Мой недавно родившийся братик лежал, запелёнатый, на диване и играл с кусочками серебристой ткани и бусами из коробки. Коробка была сделана из новогодних открыток: открытки приклеивали на картон, вырезали, края красиво обвязывали «столбиком» и сшивали. Внутри хранились катушки с нитками, мерная лента, собранные на леску пуговицы. Зелёная, с новогодними свечами и шариками, коробка нравилась малышу больше разноцветных тканей, и детские пальчики скользили по гладким открыткам, но никак не могли их ухватить. Не получив коробку, малыш обиделся и принялся хныкать. Это означало, что его скоро будут кормить и готовить ко сну.
Детская люлька висела в родительской спальне, подвешенная на крюк в потолке. Снизу к ней крепилась дугой верёвка, в которую можно было поставить ногу и качать, чтобы свободные руки в это время вязали или шили. Качание люльки входило в мои обязанности, только верёвочная дуга была для меня велика, и мне приходилось качать ладошками. Край люльки доходил до подбородка, и я вставала на цыпочки, чтобы поправить пелёнки.

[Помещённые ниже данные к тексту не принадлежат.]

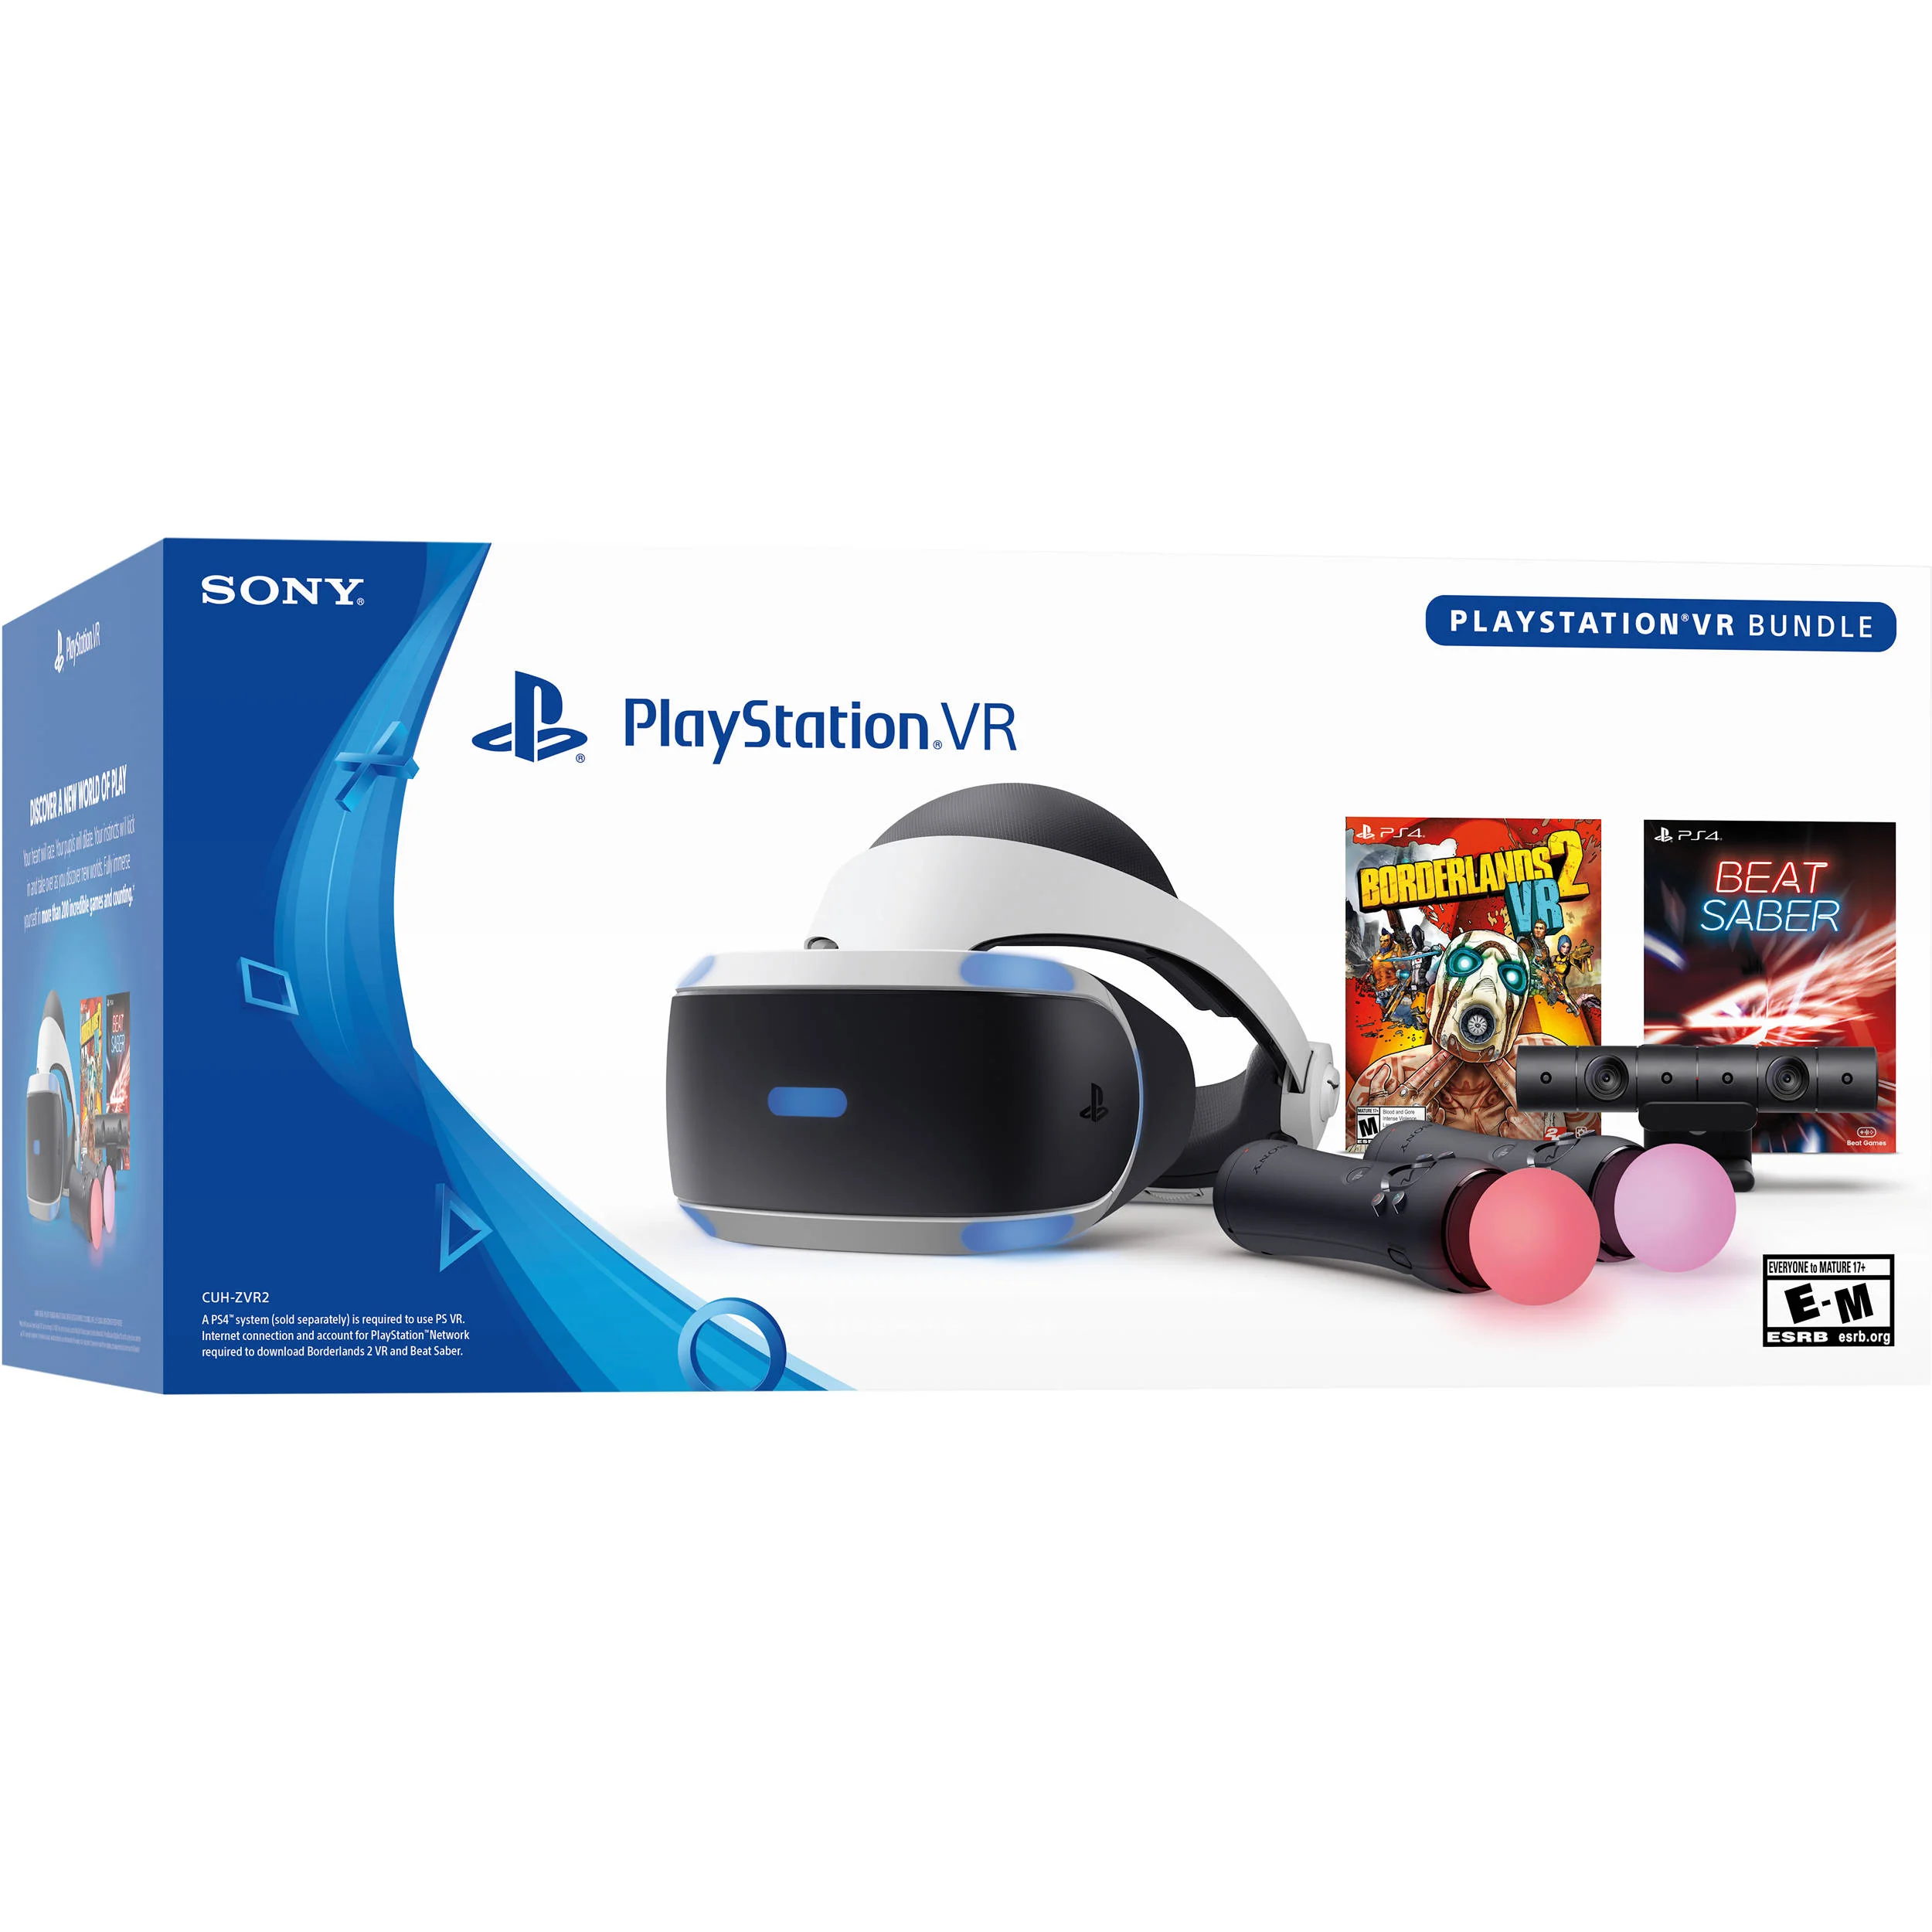  Sony PlayStation VR - Borderlands 2 and Beat Saber Bundle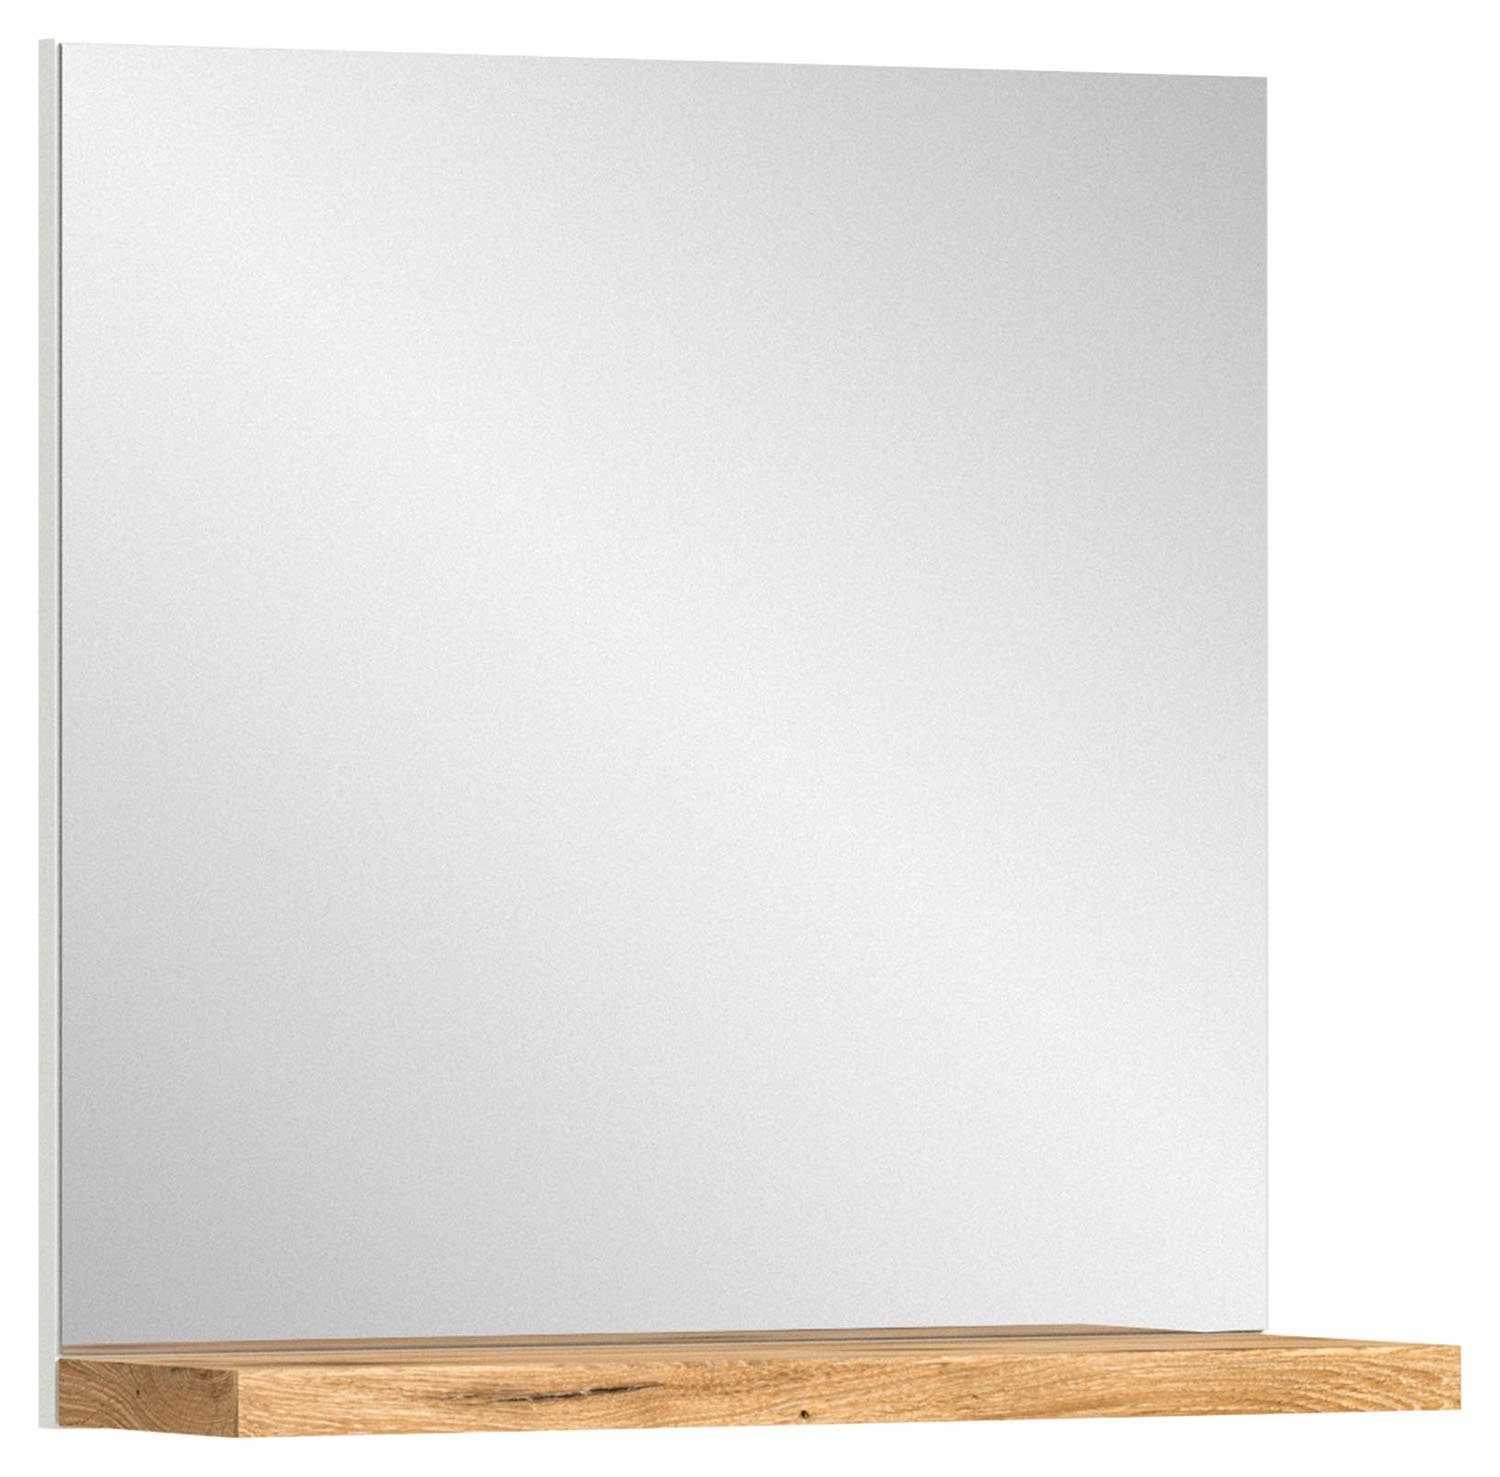 xonox.home Garderobenspiegel SHOELOVE, B 60 cm x H 59 cm, mit Ablage, Weiß, Nox Eiche Dekor

Я ждала за закрытой дверью спальни, пока мама покормит малыша. Усыплять его не хотелось, а хотелось наблюдать, как из белой ткани с синими прожилками рождается платье. К ниточкам в ушах было невозможно прикоснуться, и страшно было подумать, что утром придётся надевать шапку и завязывать тесёмки. Кожа чувствовала прикосновение воздуха и даже прикосновение звука. В комнате было темно. В синем незанавешенном окне виднелись крыши домов и столбики дыма из труб.
Мама вышла из спальни раздражённая, ей тоже хотелось превращать белую ткань в торжественный наряд.
– Покачай люльку!
Я подошла к кроватке, где братик уже высвободил ручки из пелёнок. Личико его сморщилось, он приготовился плакать. Может быть, и ему хотелось наблюдать чудеса швейного искусства или он всё хотел ухватить золотые новогодние шарики, нарисованные на швейной коробке. «Пожалуйста, засыпай…» Малыш заплакал…
– Качай люльку!
– Ах, качи-качи-качи!
Прилетели к нам грачи…
Нет-нет, пожалуйста, не плачь…
Малыш стал плакать сильнее. Звук ходил по ниткам, как по струнам, и казалось, что это иголки входят в мочки, в ушные раковины, жернова крутятся и гудят…
– Люли-люли-люли-люли!
Прилетели к ляле гули.
Стали гули ворковать…
Ну что же ты плачешь… Уже темно… Придёт бабайка.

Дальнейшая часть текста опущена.